I tre amici di Betania

«In questo sta l’amore: non siamo stati noi ad amare Dio, ma è lui che ha amato noi» (1Gv 4,10). La prima Lettera di S. Giovanni apostolo è una sintesi mirabile del concetto e della realtà dell’amore che è Dio. La manifestazione più concreta di questo amore è il dono del Figlio unigenito che da dato la vita per la salvezza del mondo. La rivelazione puntualizza che è Dio che ci ha amato per primo. La dimostrazione viene da esempi pratici che Cristo ha offerto e da risposte concrete da parte degli uomini. La Liturgia odierna celebra la memoria dei tre fratelli di Betania, Marta, Maria e Lazzaro, grandi amici di Gesù. Sulla scia di quanto aveva già fatto S. Giovanni Paolo II, papa Francesco ha decretato nel 2021 la celebrazione congiunta. I tre sono accomunati da un identico, intenso amore per Gesù di Nazaret, sotto forma di ricambio grato e riconoscente al particolare suo amore ed alla manifesta amicizia con la quale Egli si rapportava con loro. Betania era una stazione missionaria sistematica dove il Maestro si fermava assaporando i valori ed il calore della famiglia ed il grande dono dell’amicizia e della condivisione umana. Gli episodi evangelici lo testimoniano con sobrietà ed intensità. Marta è nello stesso tempo un modello di attività di accoglienza ed una testimonianza tenace di fede. Maria scelse la parte migliore accogliendo docilmente la Parola di Gesù, e diviene esempio di scelte contemplative. Per Lazzaro morto, Cristo autore della vita, pianse e lo richiamò in vita dal sepolcro. Da questi esempi luminosi deriva l’obbligo del comandamento nuovo donato da Cristo: amarsi gli uni gli altri per poter rimane nell’amore di Dio e per Dio. P. Angelo Sardone

Le dieci parole

«In quei giorni, Dio pronunciò tutte queste parole» (Es 20,1 ss). Dio e Mosè si incontrano sulla vetta del monte Sion. È, insieme col passaggio del mar Rosso, l’avvenimento più importante nel cammino di liberazione dall’Egitto e di costituzione di Israele come popolo di Dio. È l’evento del dono del «decalogo», le dieci parole, ossia i comandamenti, le parole di Dio per eccellenza.
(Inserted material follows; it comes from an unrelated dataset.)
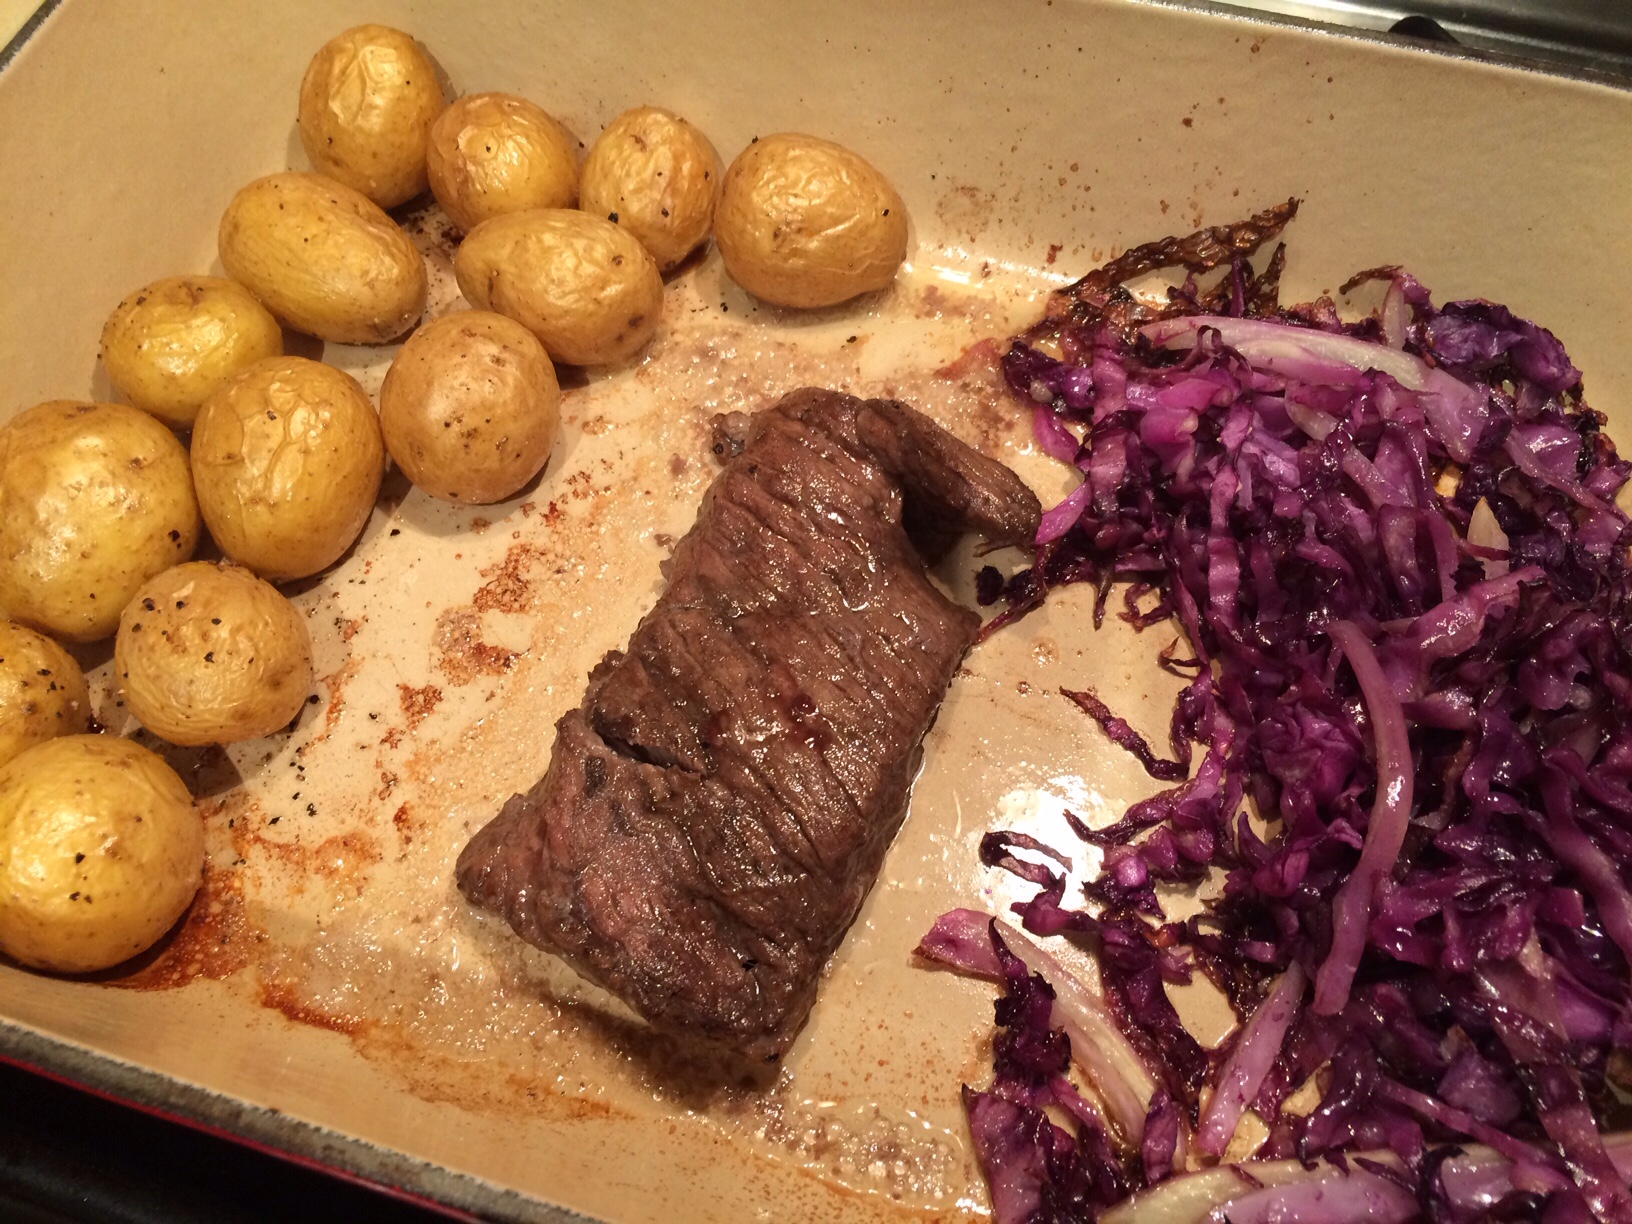 Oven roasted steak dinner

La storia sacra riporta lo stesso evento secondo la tradizione deuteronomista nel libro appunto del Deuteronomio (5,6-22). La formulazione è breve perché possa essere ricordata a memoria e copre l’intero campo della vita religiosa e morale. È il cuore della legge mosaica: Cristo richiamerà continuamente la loro osservanza ed aggiungerà quale sigillo di perfezione, i suoi consigli evangelici (Mc 10,7-21). Una condizione indispensabile è il fatto che Dio richiede un culto esclusivo, frutto dell’alleanza e distingue il popolo di Israele da tutti gli altri popoli. Tanto si è scritto e si continuerà a scrivere su questo evento. I primi quattro comandamenti si riferiscono ai doveri verso Dio; i rimanenti sei a quelli verso gli altri uomini. L’origine divina implica la solenne autorità dei comandamenti. Ai tempi della proclamazione del Vangelo, il decalogo non aveva ancora acquistato una forma fissa e l’importanza che acquisterà invece con la diffusione del Cristianesimo. Il Catechismo della Chiesa Cattolica riporta una complessiva e sistematica trattazione dei dieci comandamenti nella seconda parte del testo. La Tradizione della Chiesa ha sempre riconosciuto in essi un’importanza ed un significato fondamentali perché enunziano le esigenze dell’amore di Dio ed hanno un posto preponderante nella catechesi dei battezzati. P. Angelo Sardone

E’ passato attraverso il fuoco ed il fumo!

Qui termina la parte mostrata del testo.